The new Fin-de-Siècle Museum was supposed to open May 2013, yet due to circumstances didn’t open until December. And it was already April 2014 when I got a chance to actually go to Brussels. For at least one year I had been looking forward to see the collection of this new museum but boy… it was absolutely worth my wait.


The new Fin-de-Siècle Museum presents Brussels as the cultural crossroads of Europe at the turn of the century. This exceptional collection of works by Belgian artists such as James Ensor, Fernand Khnopff, Léon Spilliaert, Victor Horta, Henry Van de Velde or Philippe Wolfers,… and by foreign artists such as Paul Gauguin, Auguste Rodin, Pierre Bonnard, Emile Gallé, Louis Majorelle and Alphonse Mucha,… places the art scene at the heart of international creativity.”
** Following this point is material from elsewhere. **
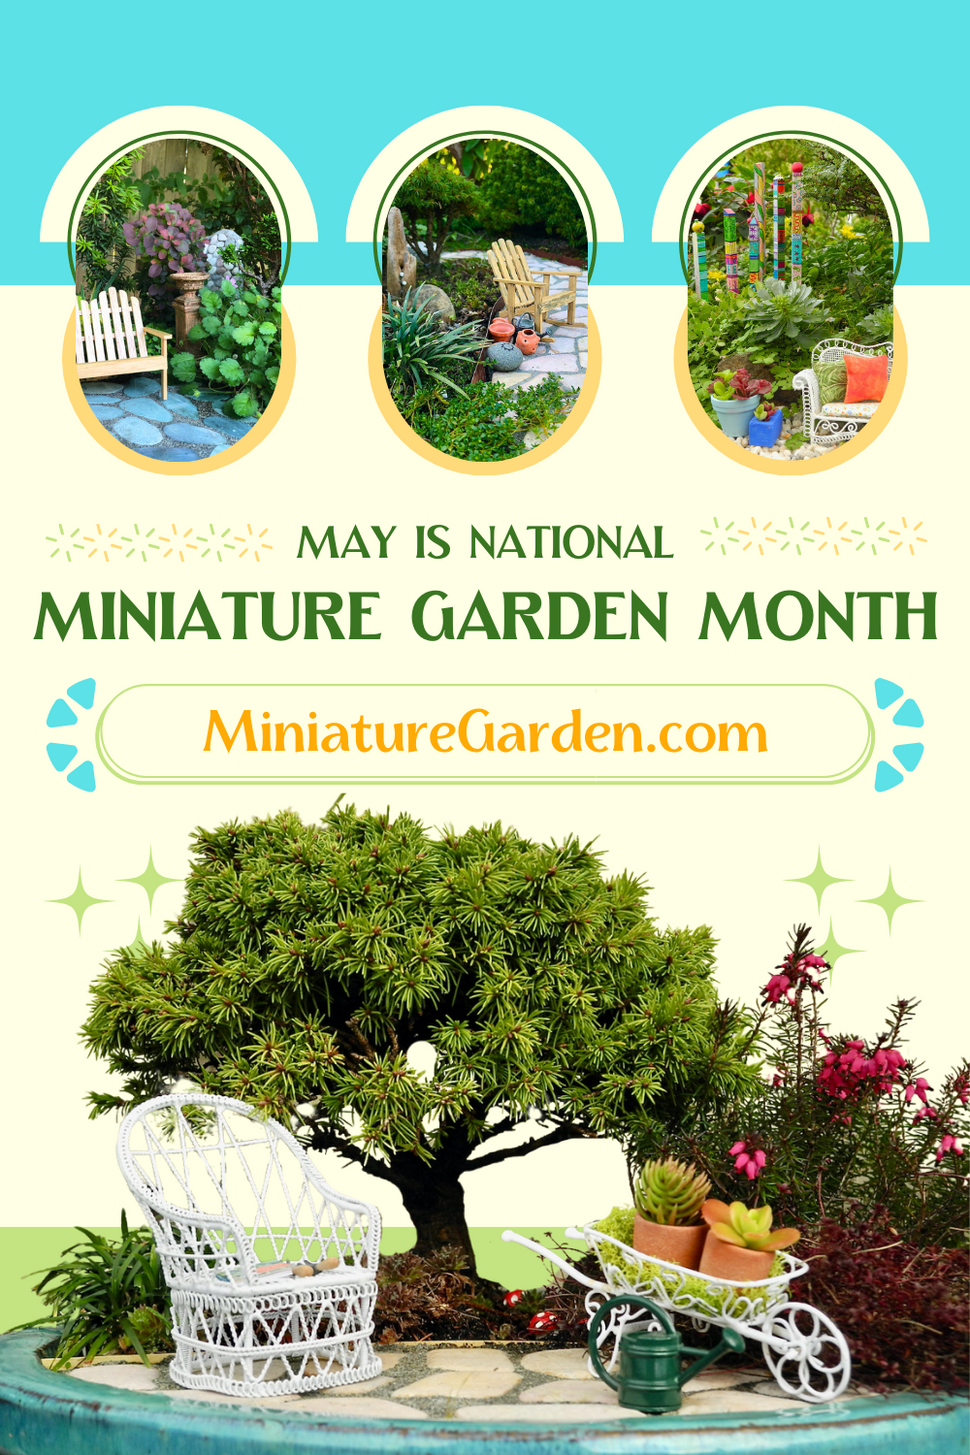 Two Green Thumbs Miniature Garden Center

Patiently I waited half an hour in line (what’s another half hour when you have already waited a whole year?) before I could – finally – enter the Fin-de-Siècle Museum. A museum that is in fact located inside the Royal Museum of Fine Arts of Belgium, on the -5th to -8th floor.

Before you reach the -5th floor, you have to pass through the -3rd and -4th floor; both packed with paintings. And then, when you do get to the -5th floor, there are even more paintings! The purpose of those paintings is to explain the 1900’s Academic Arts scene. But to be honest, I felt some disappointment because there seemed to be only paintings.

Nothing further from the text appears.